Make the Cream Sauce
  1. In a large saucepan, melt 2 tablespoons of unsalted butter over medium heat. Add the minced garlic and sauté for 1 minute until fragrant, being careful not to brown it.
  2. Whisk in the all-purpose flour and cook, stirring constantly, for 1-2 minutes to create a roux.
  3. Gradually whisk in the warmed whole milk and heavy cream, a little at a time, to prevent lumps. Continue to whisk until the sauce thickens to a consistency that coats the back of a spoon, about 5-7 minutes.
  4. Remove from heat and stir in salt, freshly ground black pepper, and freshly grated nutmeg.
Assemble and Bake
  1. Arrange a single layer of potato slices in the bottom of the prepared baking dish, overlapping them slightly.
  2. Pour about one-third of the cream sauce evenly over the potatoes. Sprinkle with one-third of the shredded Gruyère and Parmesan cheeses.
  3. Repeat the layering process two more times: potatoes, then sauce, then cheese. Ensure the top layer of potatoes is completely covered by sauce.
  4. Cover the baking dish tightly with aluminum foil. Bake for 45 minutes.

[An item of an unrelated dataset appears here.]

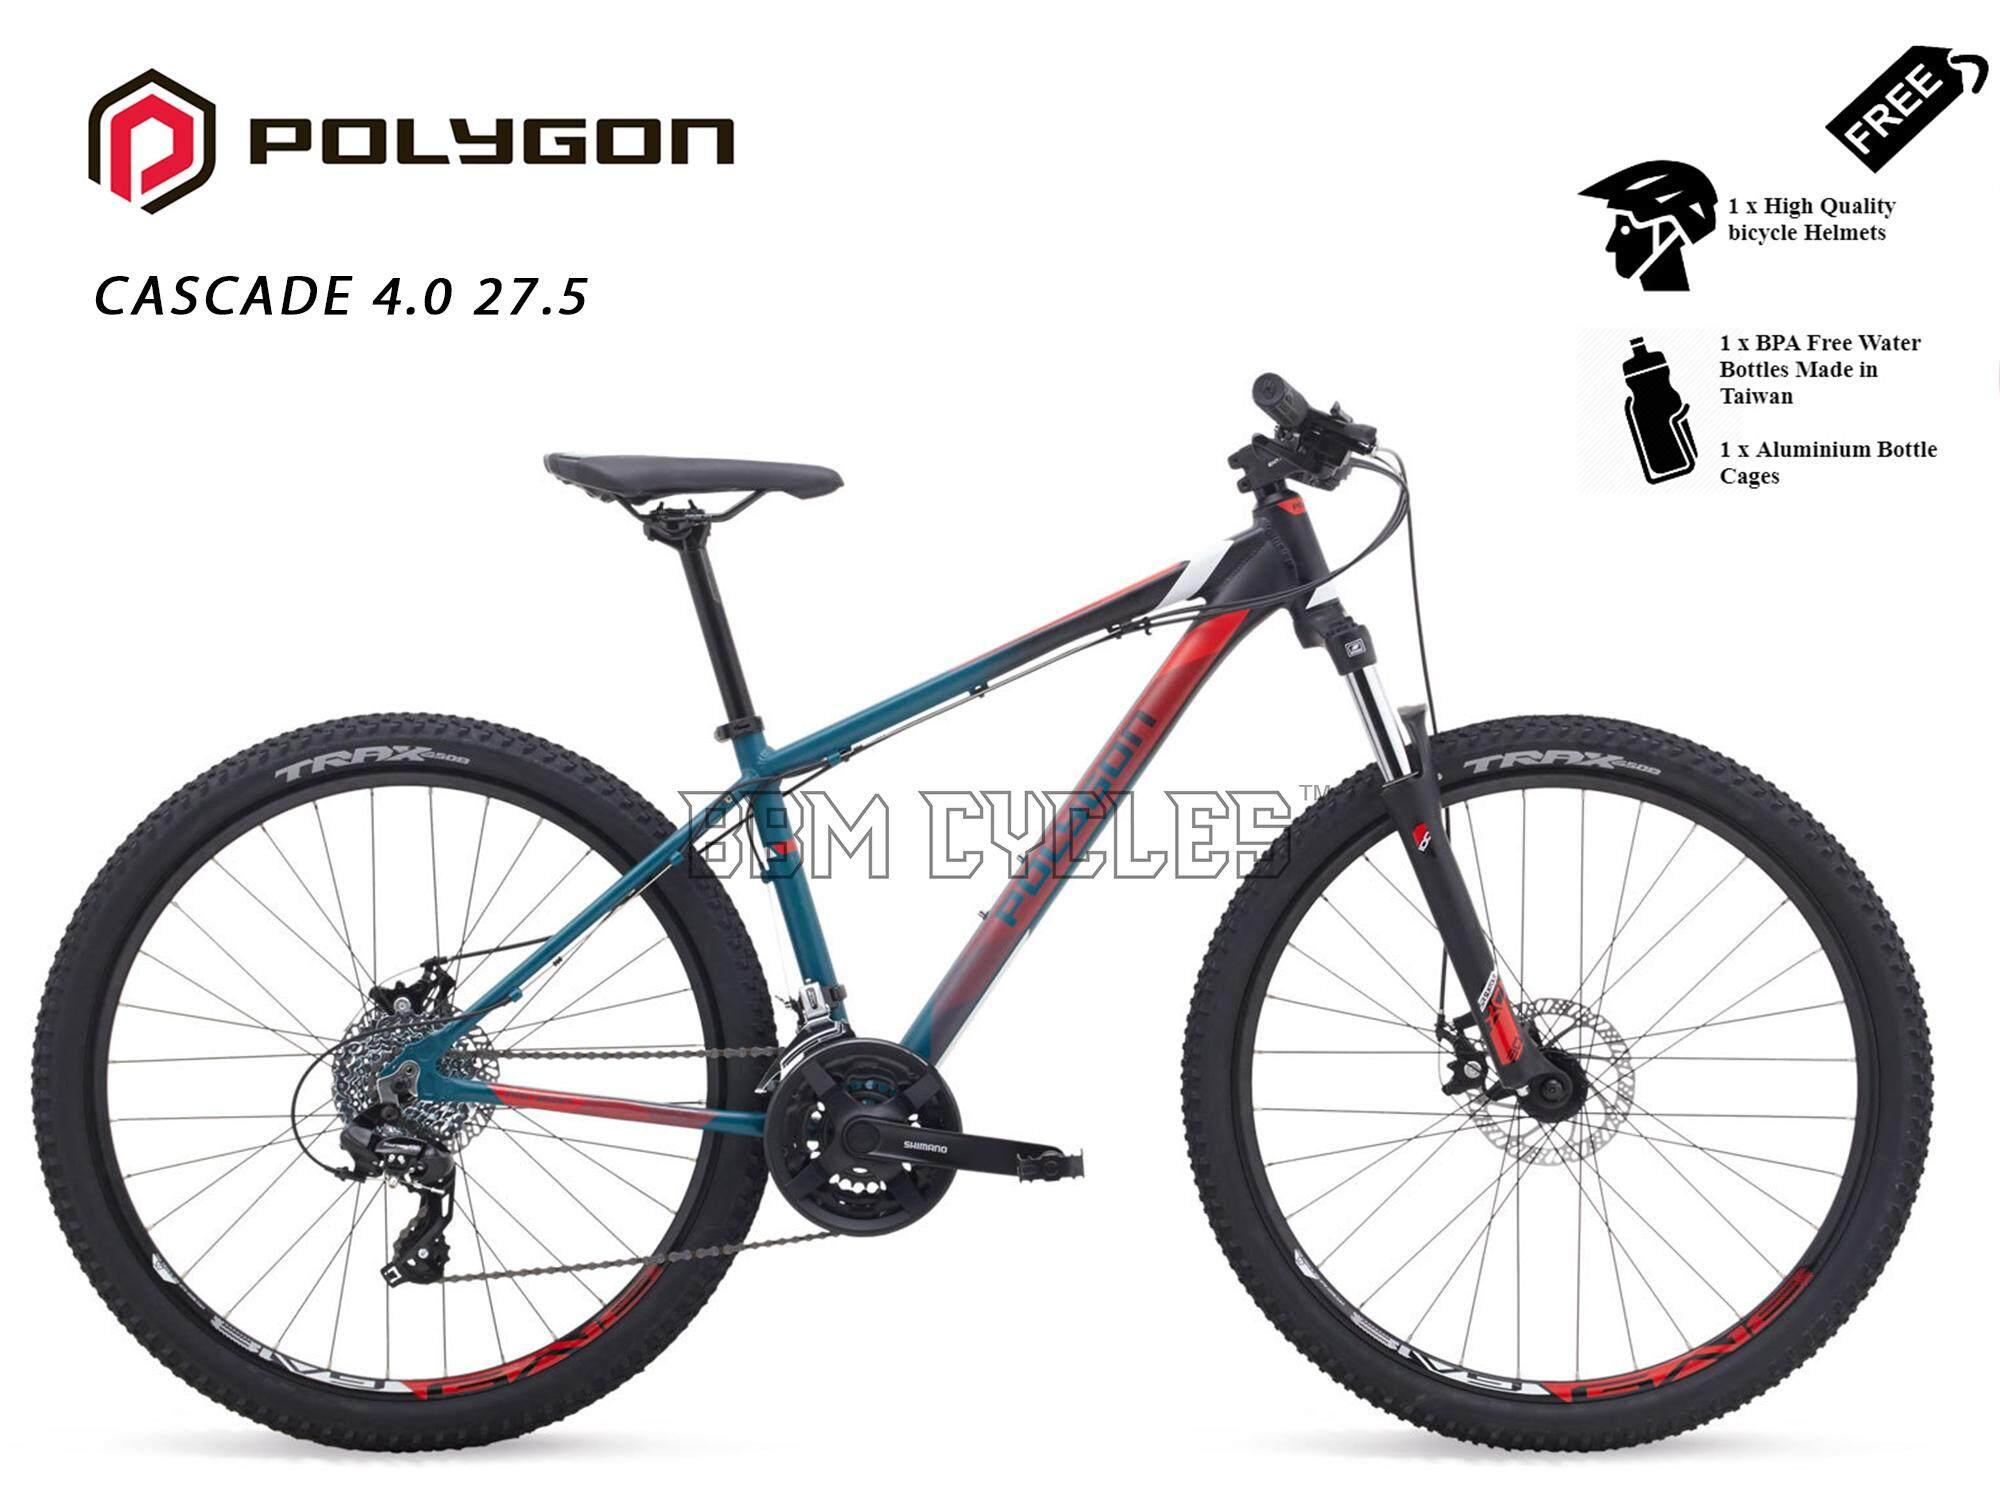 Polygon Cascade 4.0 - 27.5 inch Mountain Bike MODEL 2019 Bio Fit Geometry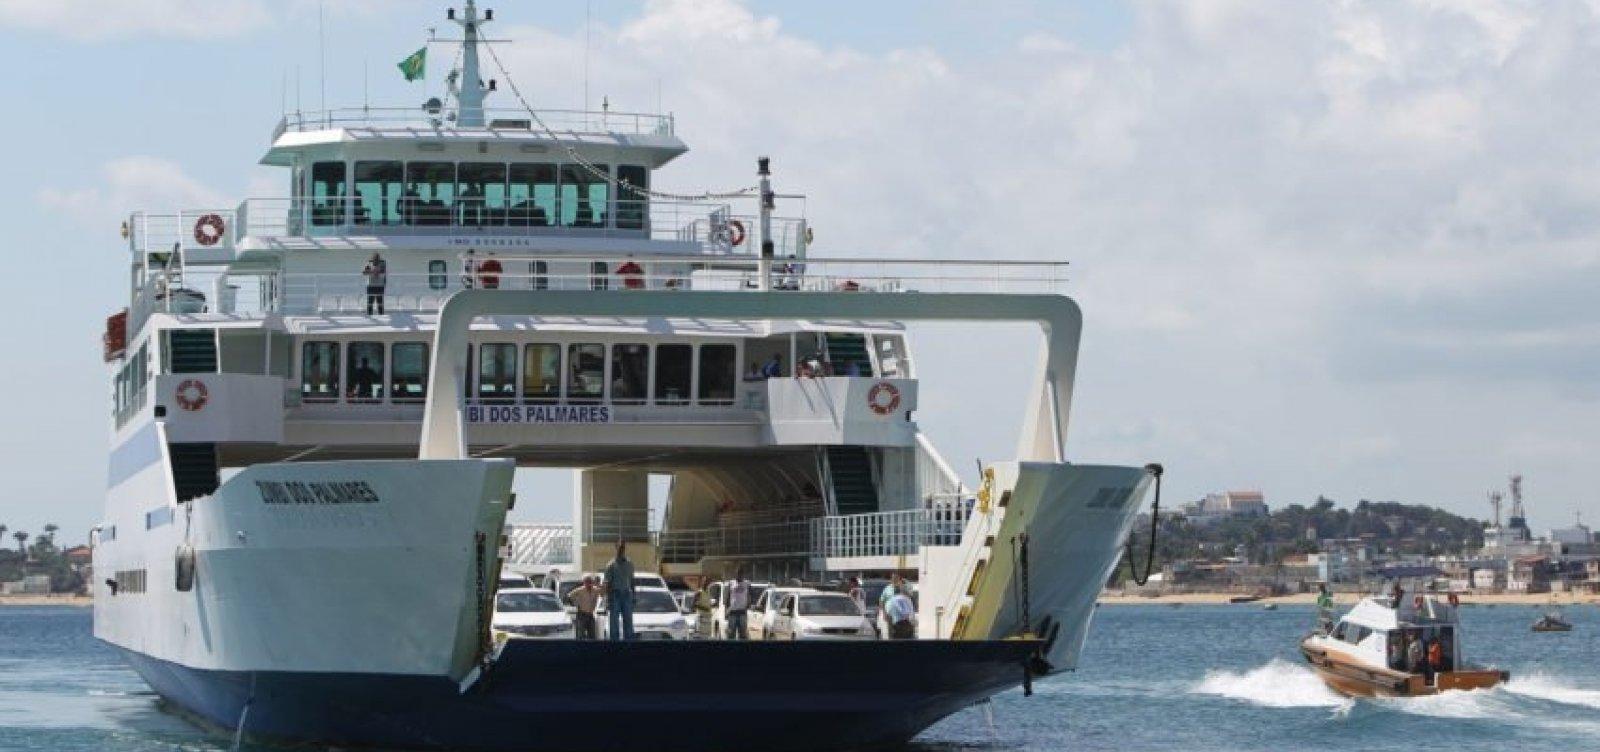 Ferry-boat registra fluxo tranquilo na tarde deste domingo

  5. Remove the foil and bake for another 30 minutes, or until the potatoes are tender (test with a knife) and the top is golden brown and bubbly.
  6. Let the scalloped potatoes rest for 10-15 minutes before serving. This allows the sauce to set and makes for easier serving.

Notes

For the best results, use a mandoline to get uniformly thin potato slices, which ensures even cooking. You can assemble this dish a few hours ahead of time and refrigerate before baking; just add 10-15 minutes to the covered baking time.